§ Directions
Transcribe every line from the one containing "Finalist 2019 /" to the end of the listing, exactly as written, and leave out the pictures.

§ Records shown
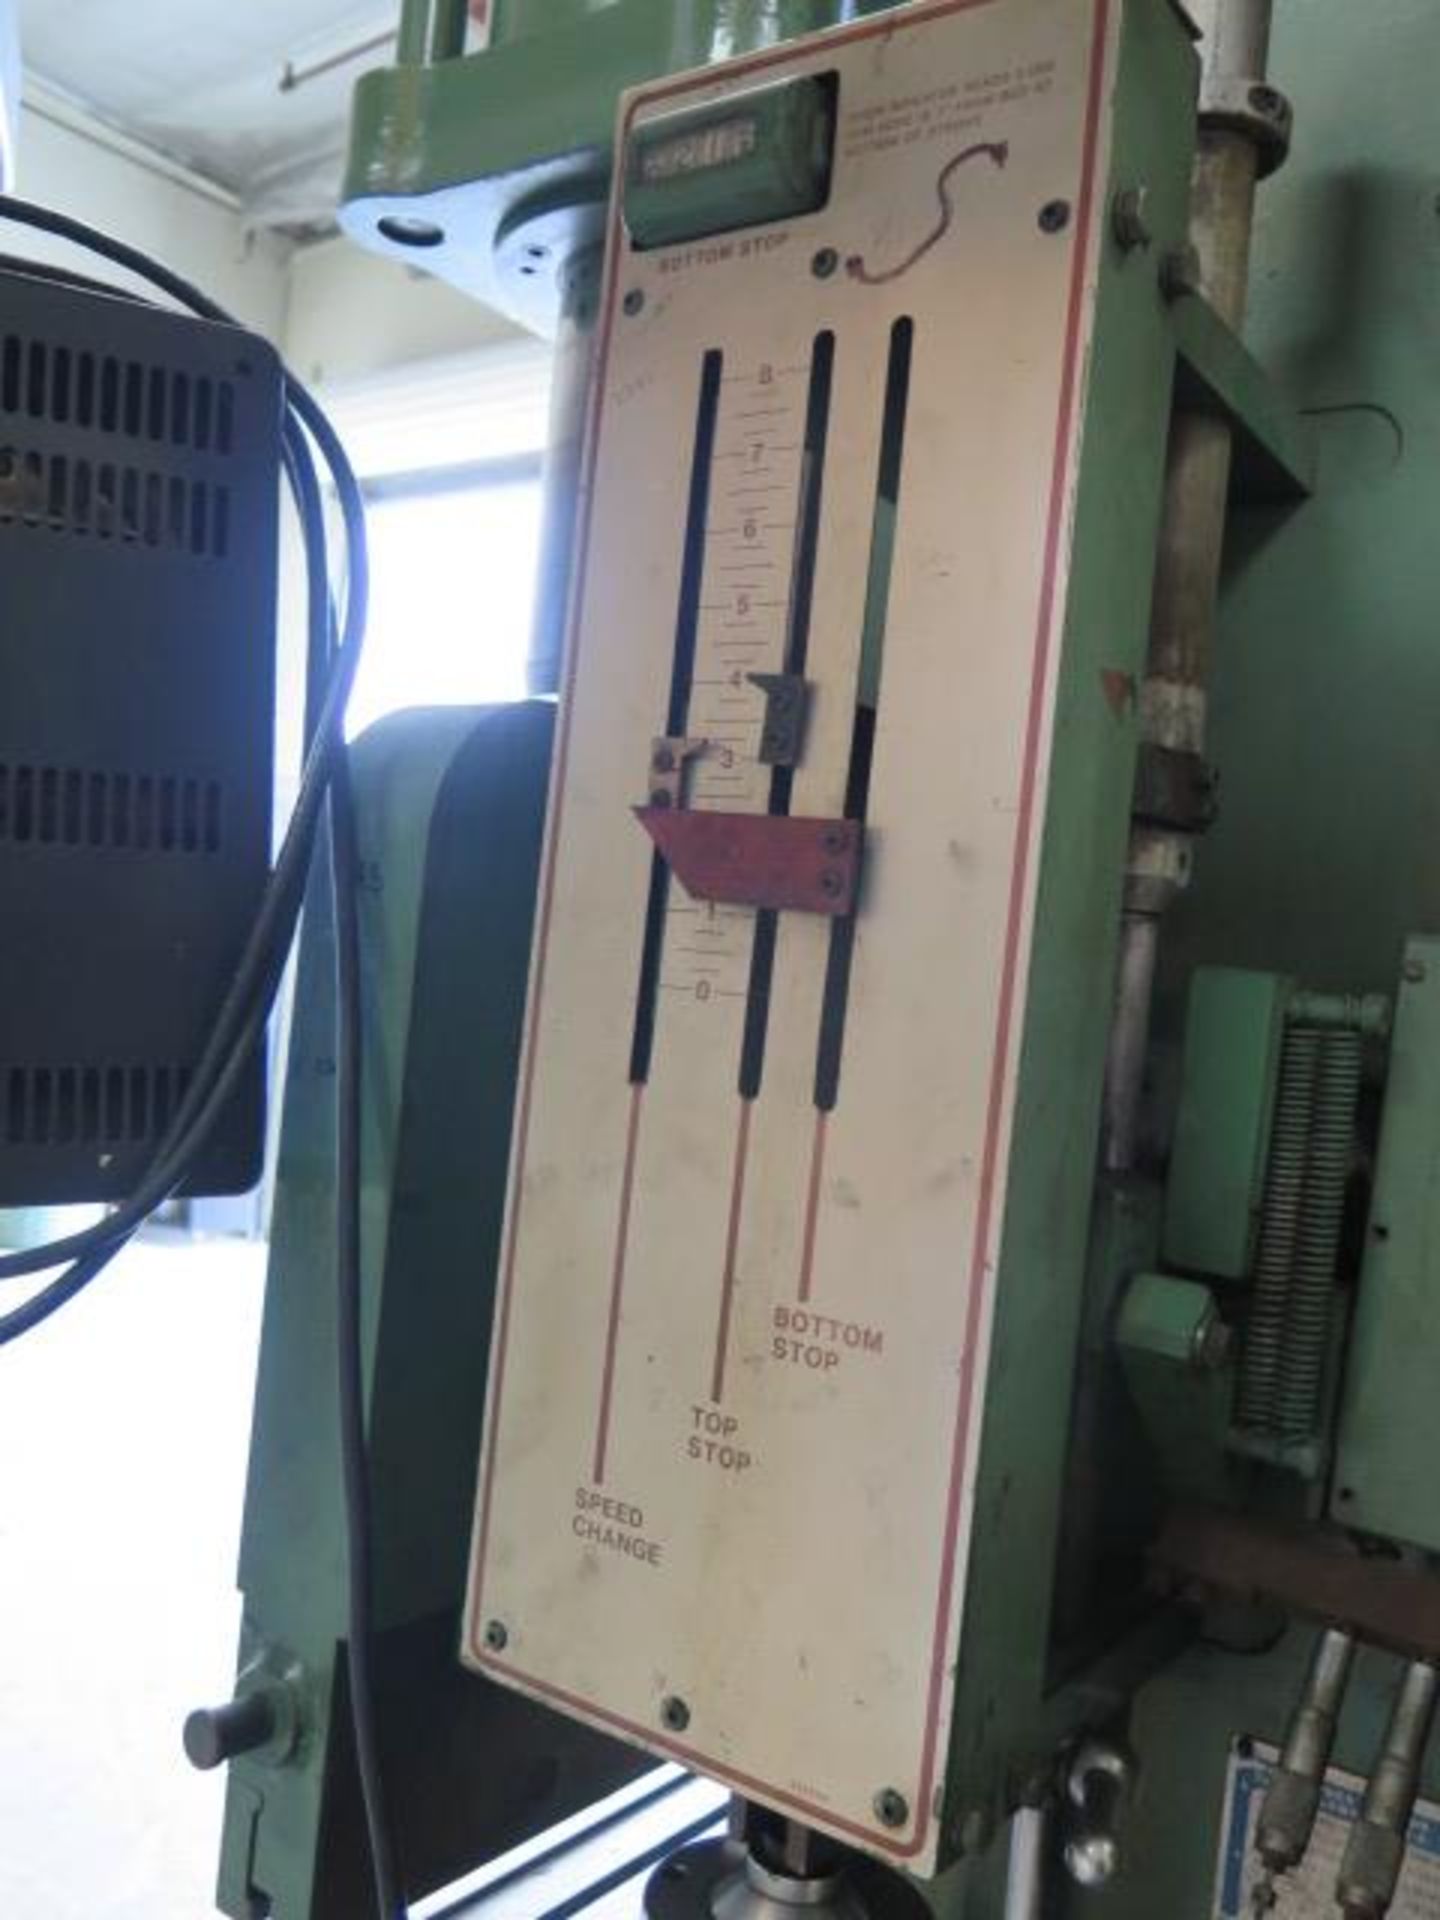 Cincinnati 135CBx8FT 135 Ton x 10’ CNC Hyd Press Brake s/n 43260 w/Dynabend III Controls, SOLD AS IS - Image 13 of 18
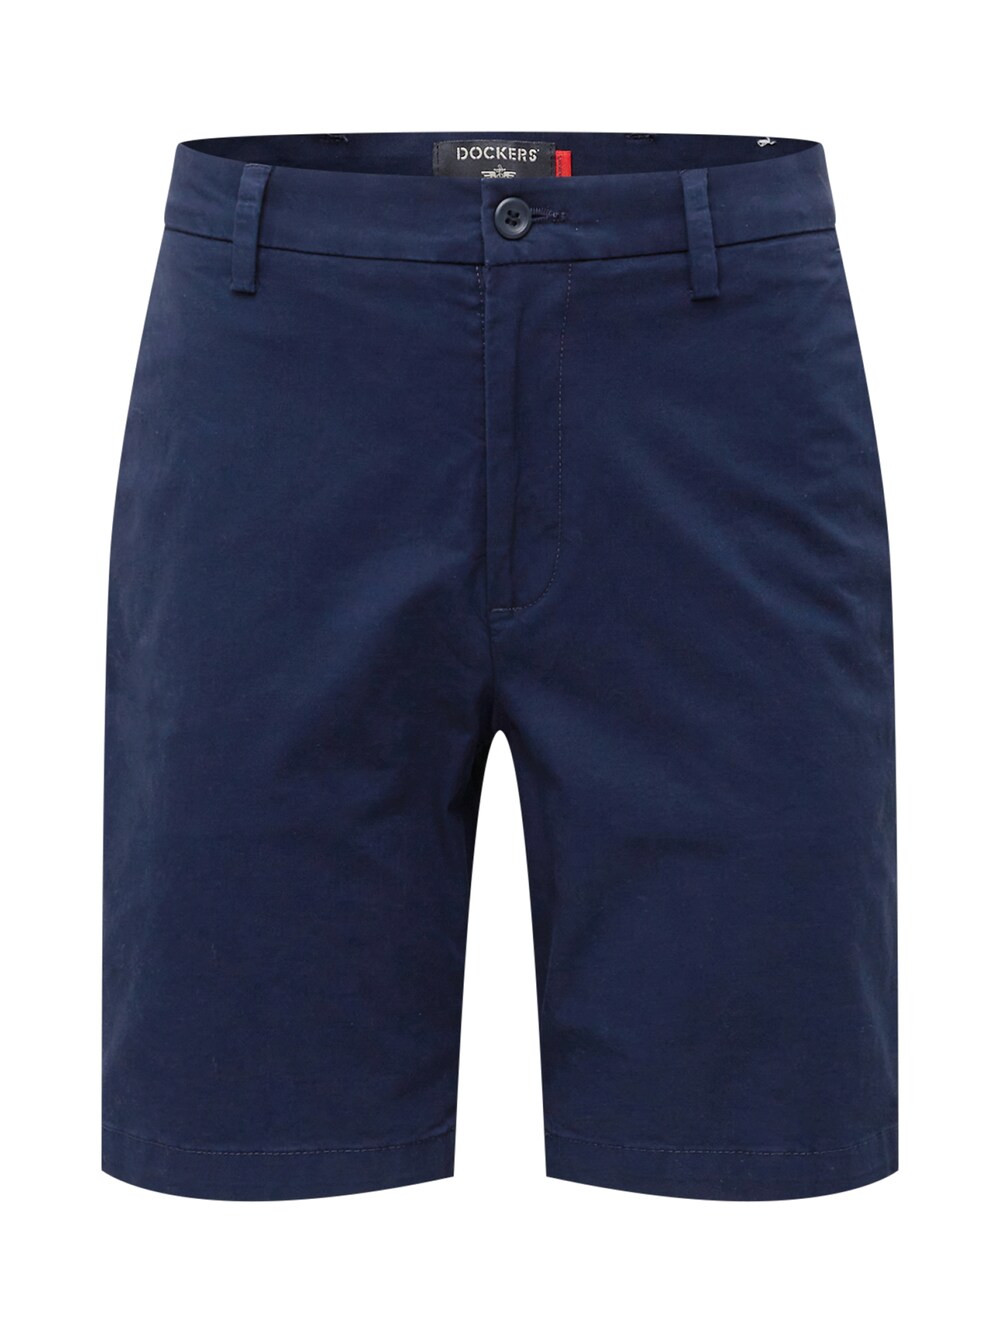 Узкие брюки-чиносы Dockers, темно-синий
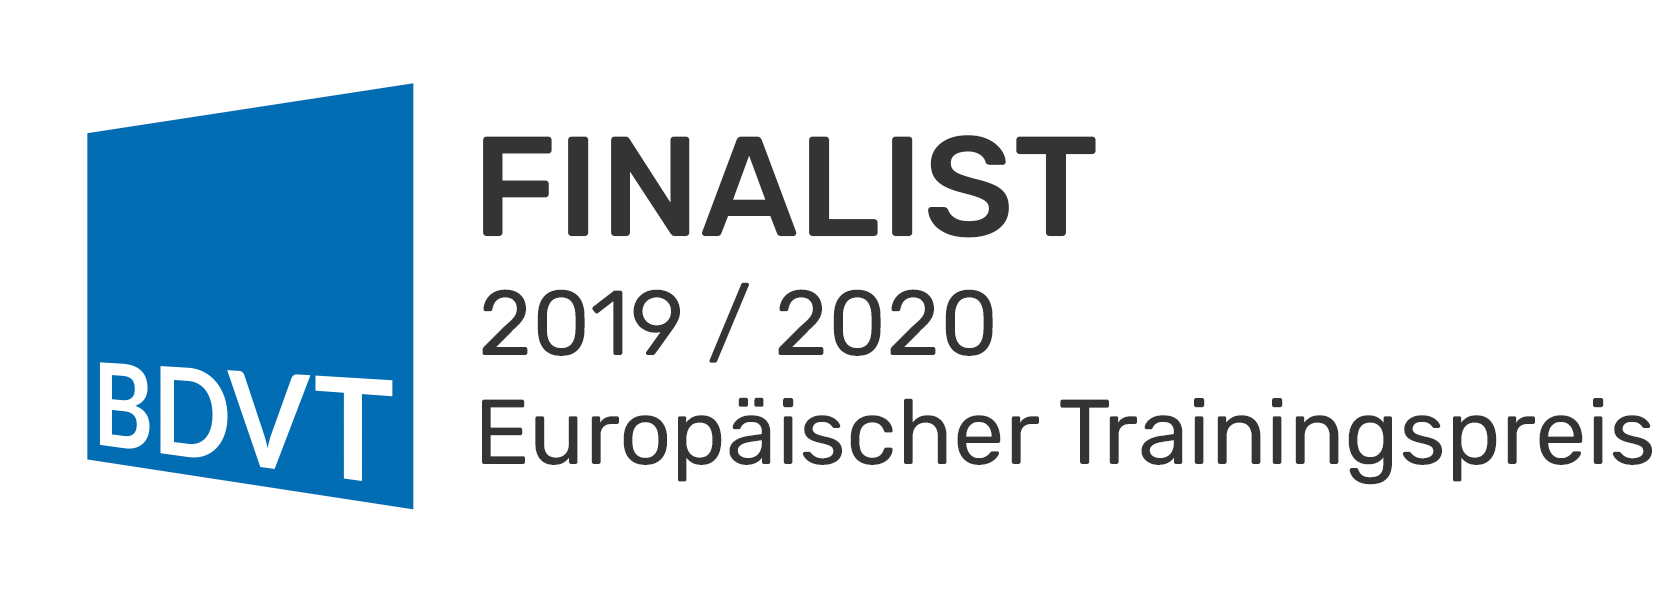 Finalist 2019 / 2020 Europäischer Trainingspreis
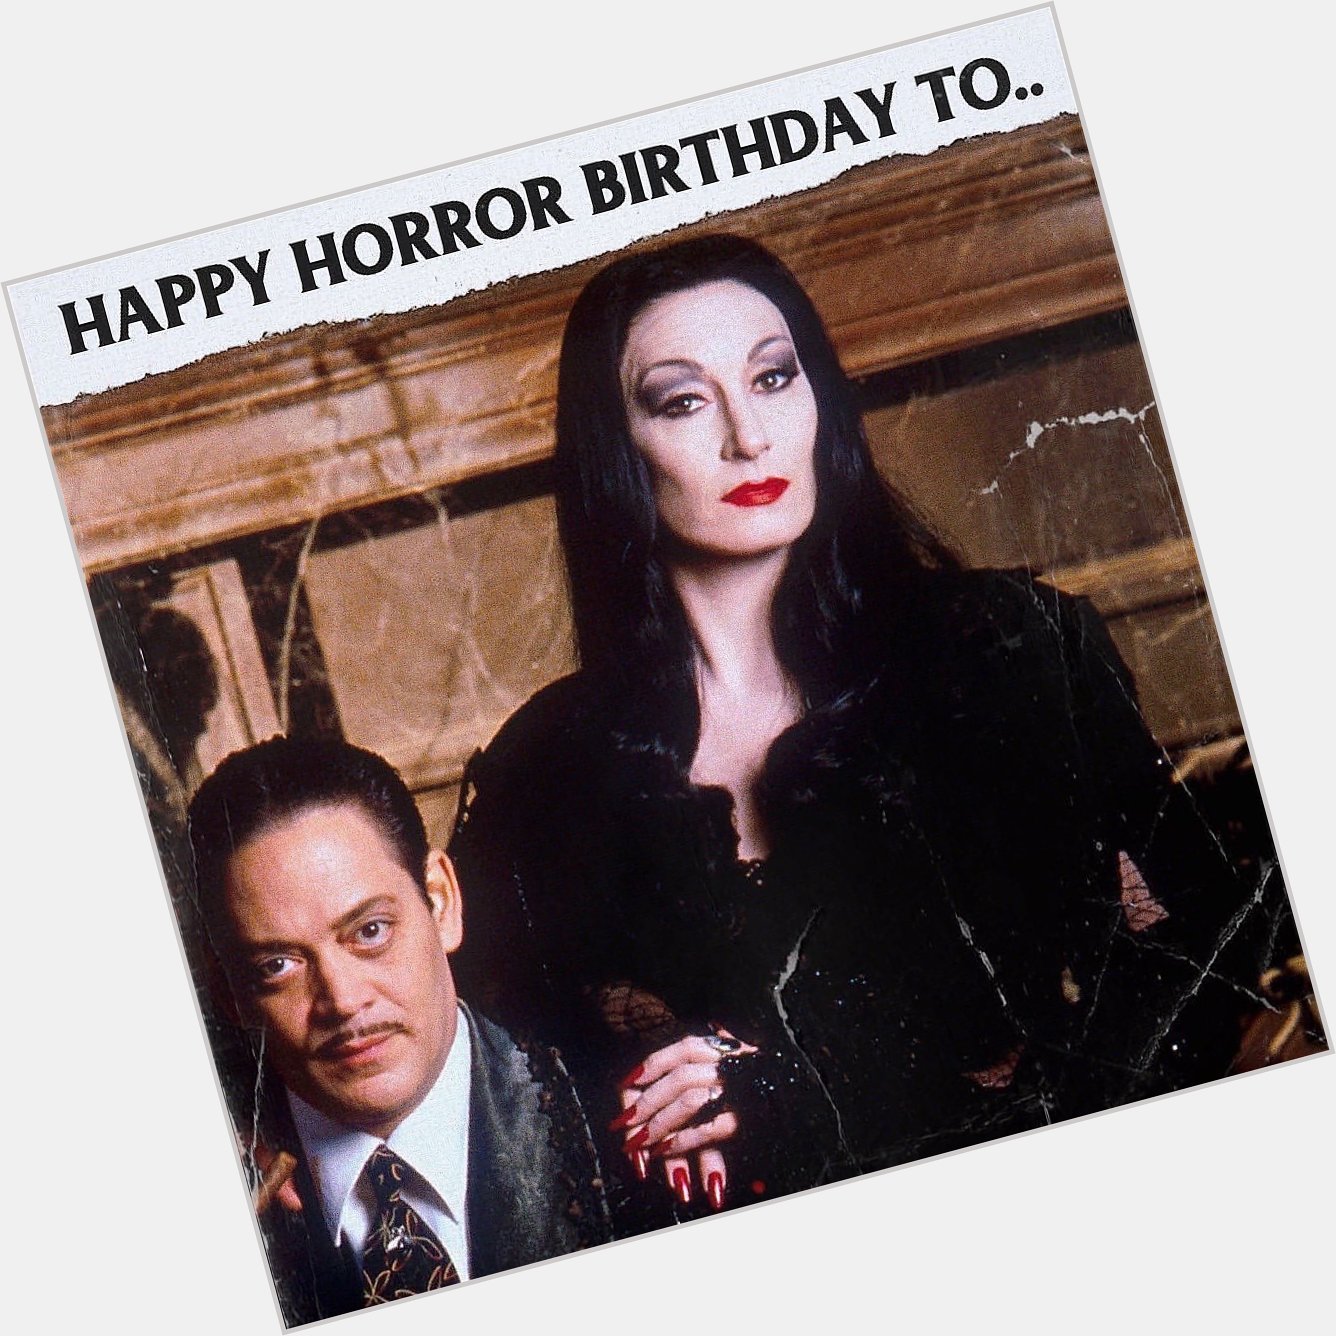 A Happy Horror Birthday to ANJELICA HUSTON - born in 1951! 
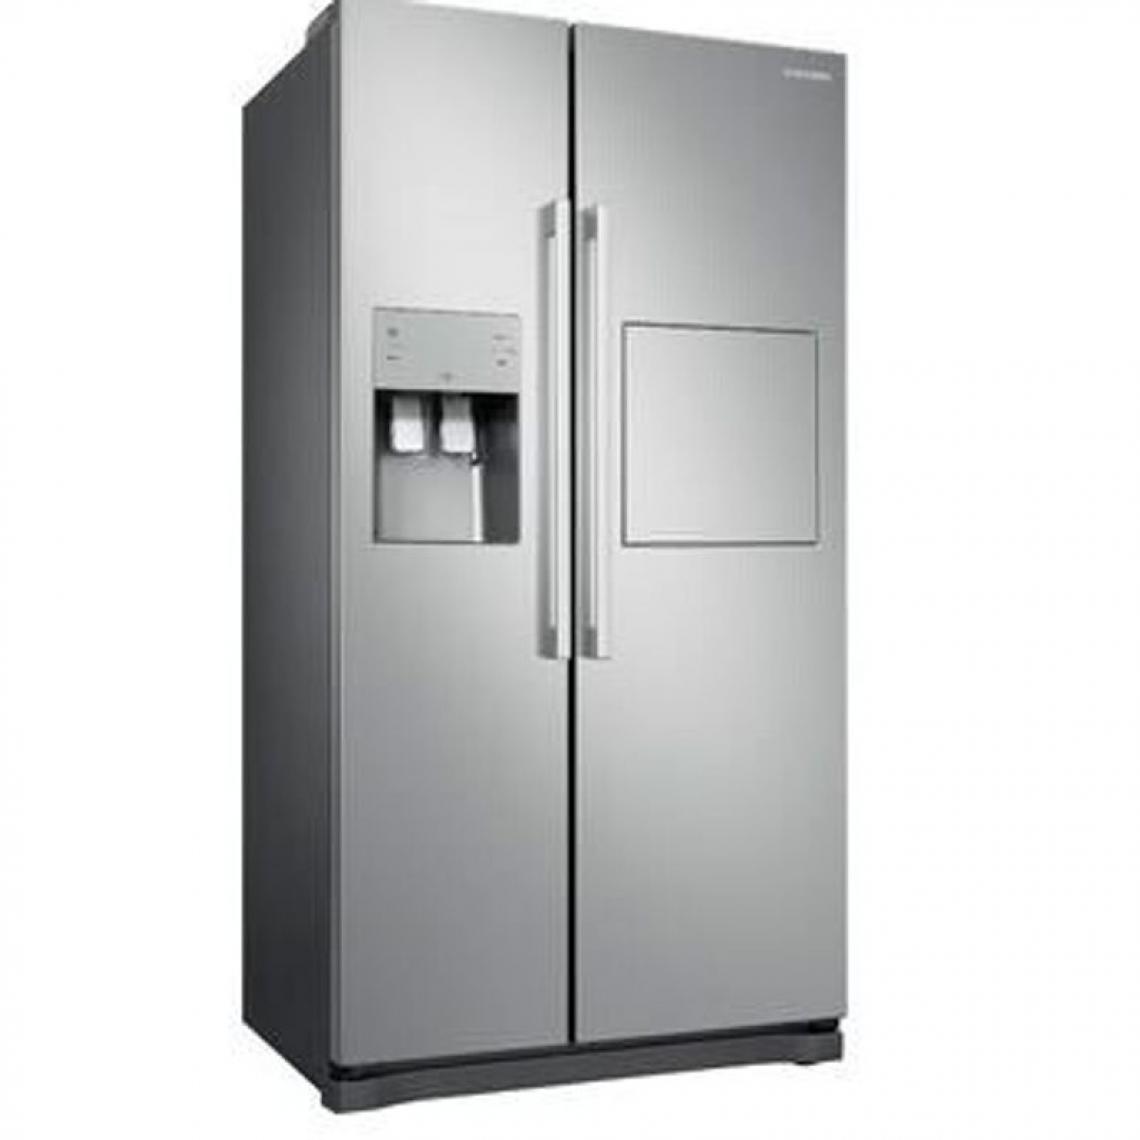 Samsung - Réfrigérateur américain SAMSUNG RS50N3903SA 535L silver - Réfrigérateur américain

§ Result for this exercise
 Finalist 2019 / 2020 Europäischer Trainingspreis
 A Happy Horror Birthday to ANJELICA HUSTON - born in 1951! 
 Samsung - Réfrigérateur américain SAMSUNG RS50N3903SA 535L silver - Réfrigérateur américain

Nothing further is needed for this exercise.